Thursday, July 16, 2009

Stuff

July 16

Stuff. Beautiful, glorious stuff. Two big wooden crates filled with our stuff arrived last week. Wenonoa and I are both known to favor minimalism when it comes to household stuff so you may be surprised over my excitement but consider…

For the last two months I have lived an existence that can be accurately described as Spartan. In the three bedroom house we are renting, the sole furnishings were a kitchen table and chairs; a pot, pan, a couple of plastic bowls and plates and assorted plastic cutlery; a yoga mat and exercise ball; and a mattress. I’m sure that there are monks who have more.

For the most part, I was ok with the setup. Except for the bed! It was a loaner until mine arrived. To call it a bed is being generous. Picture a set of springs wrapped inside a mattress casing – that is what I slept on. I’m not sure what happened to the foam or whatever material is generally used to fill a mattress these days but I’m pretty sure that if I cut open the mattress, I wouldn’t find any. If you think I’m exaggerating then consider this one fact: After Wenonoa spent her first night here, when she got up in the morning I noticed a series of indentations running up her back where the springs pressed into her flesh.

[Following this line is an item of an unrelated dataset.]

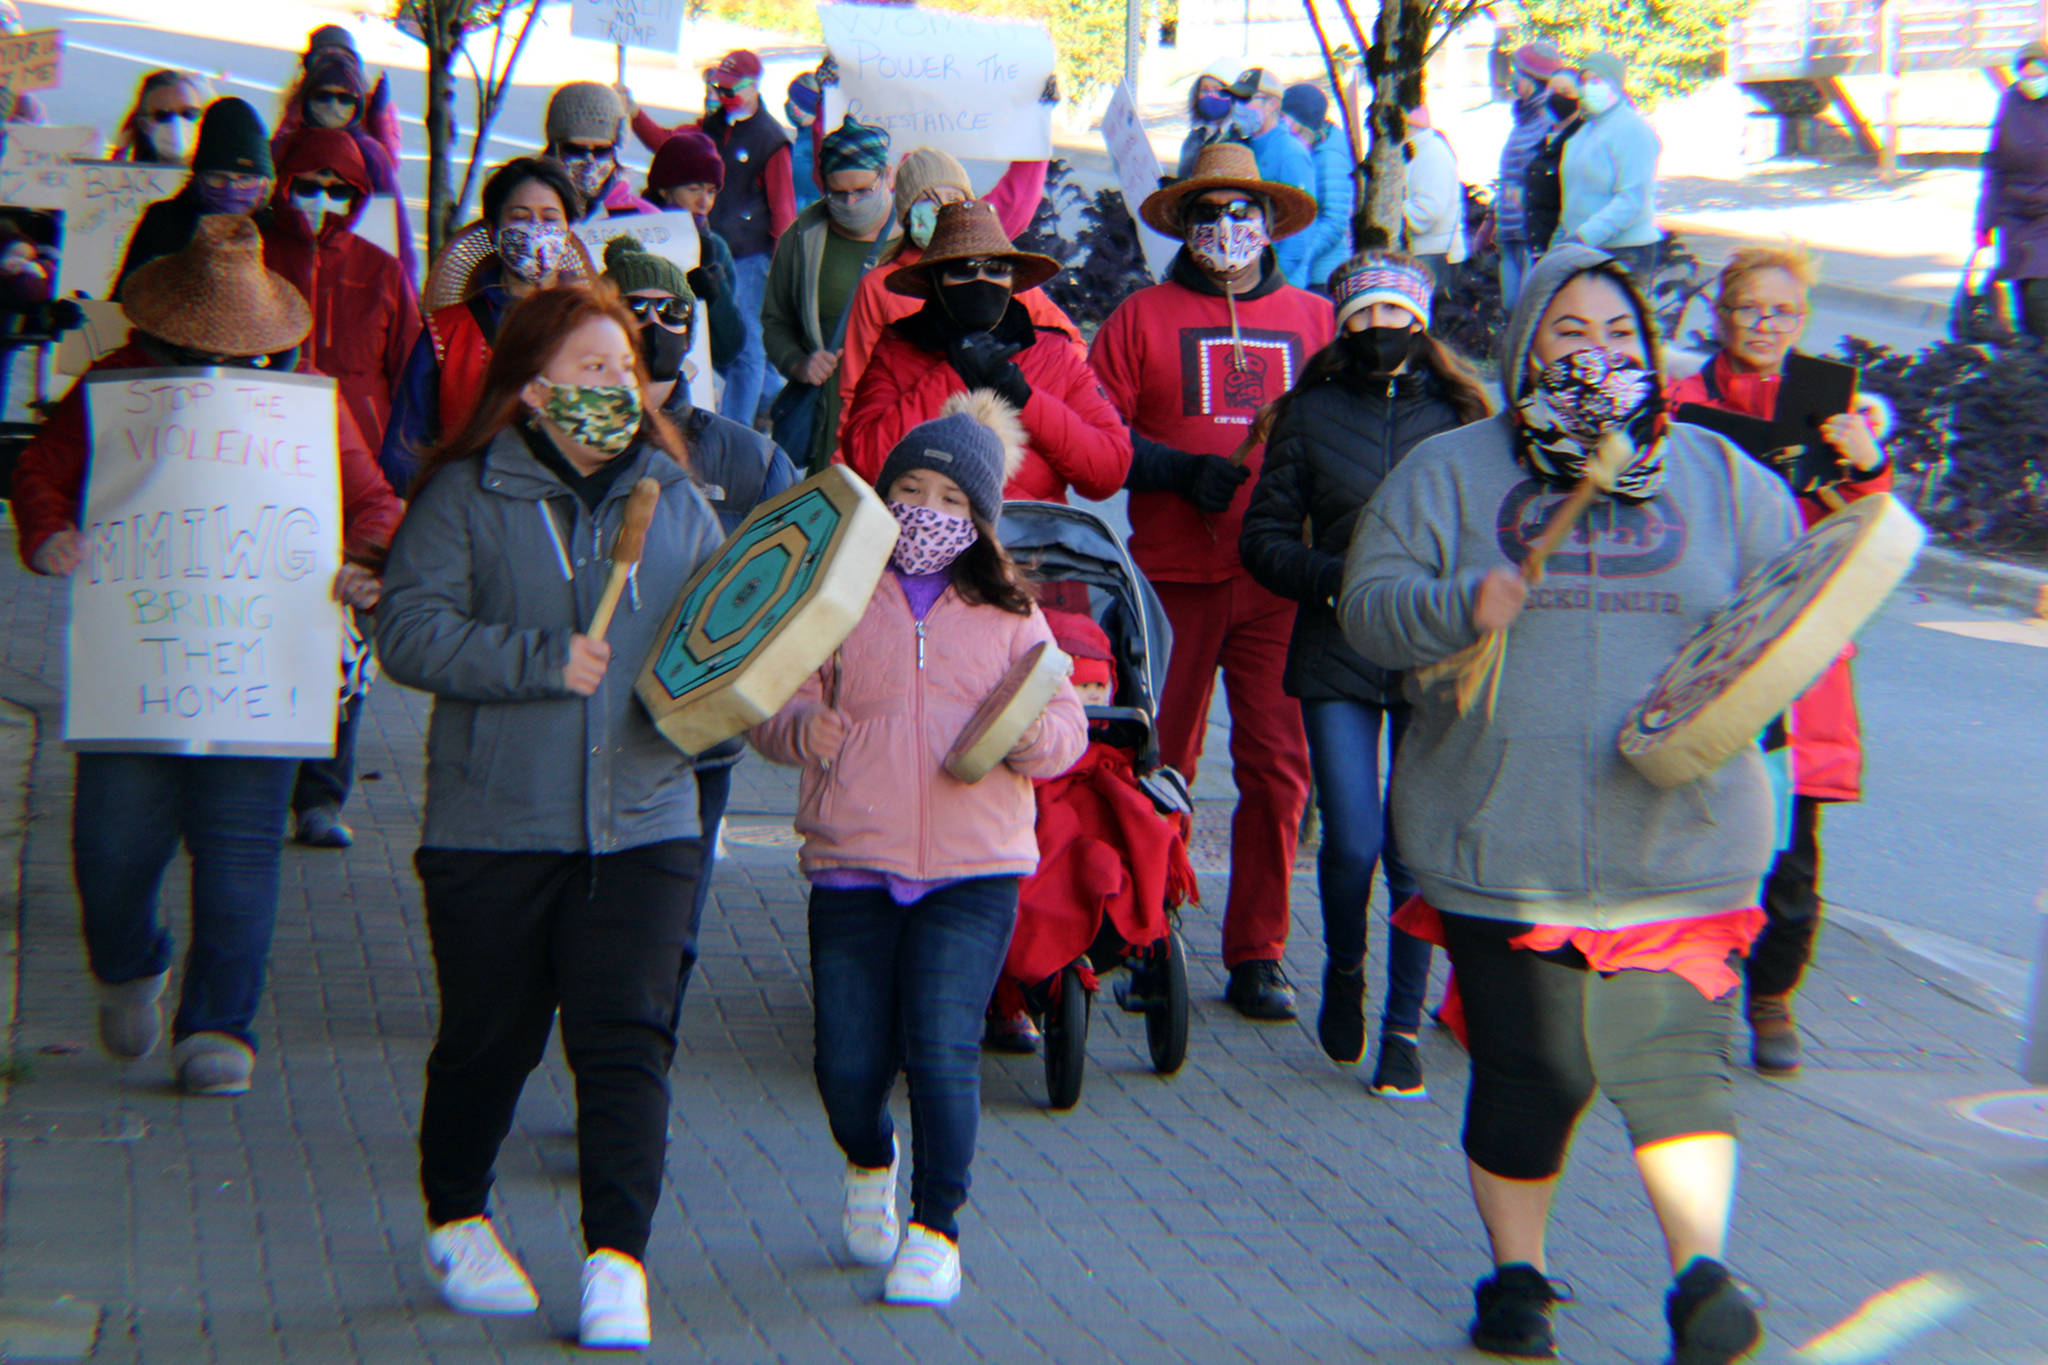 Marchers make their way toward Mayor Bill Overstreet Park on Saturday, Oct. 17. The march and rally were part of events held nationwide. (Ben Hohenstatt / Juneau Empire)

The worst part about the bed was that I could have had a nice (or at least decent) one. The standard contract used by the FSM government when hiring ex-pats requires the government to supply a bed and a kitchen table. I could have gone down to Ace Hardware (yes, Ace Hardware) or one of the few other stores that sells mattresses and walked out with a brand new mattress. Given that even a basic twin mattress retails for over $400 here and I generally hate to see money wasted, no matter whose it is, I didn’t.

I thought, “How bad could it be? My bed from home will arrive in a month or so.” So I took the loner and I found out just how bad it could be. For over 60 nights I tried to shrink my body into the narrowest of spaces between the columns of springs. It never worked and I don’t think I got one good night’s sleep in the two month period.

So yes – stuff, glorious stuff! Each time I walk into the bedroom and see our bed lying there, soft but firm with no springs poking up at me, waves of relief and appreciation wash over me.

Second in the list of possessions I truly cherish having is our television set. It’s nothing fancy. It’s a modest 27” or 32” and it’s not a flat screen. Having watched movies on a laptop at the kitchen table for two months, watching a movie on a 27” television screen while sitting in a good old Lazy Boy recliner is now as exciting as the first time I heard surround sound or sat in a theater with stadium seating.

As Huck Finn might have said, “I feel a might bit civilized.”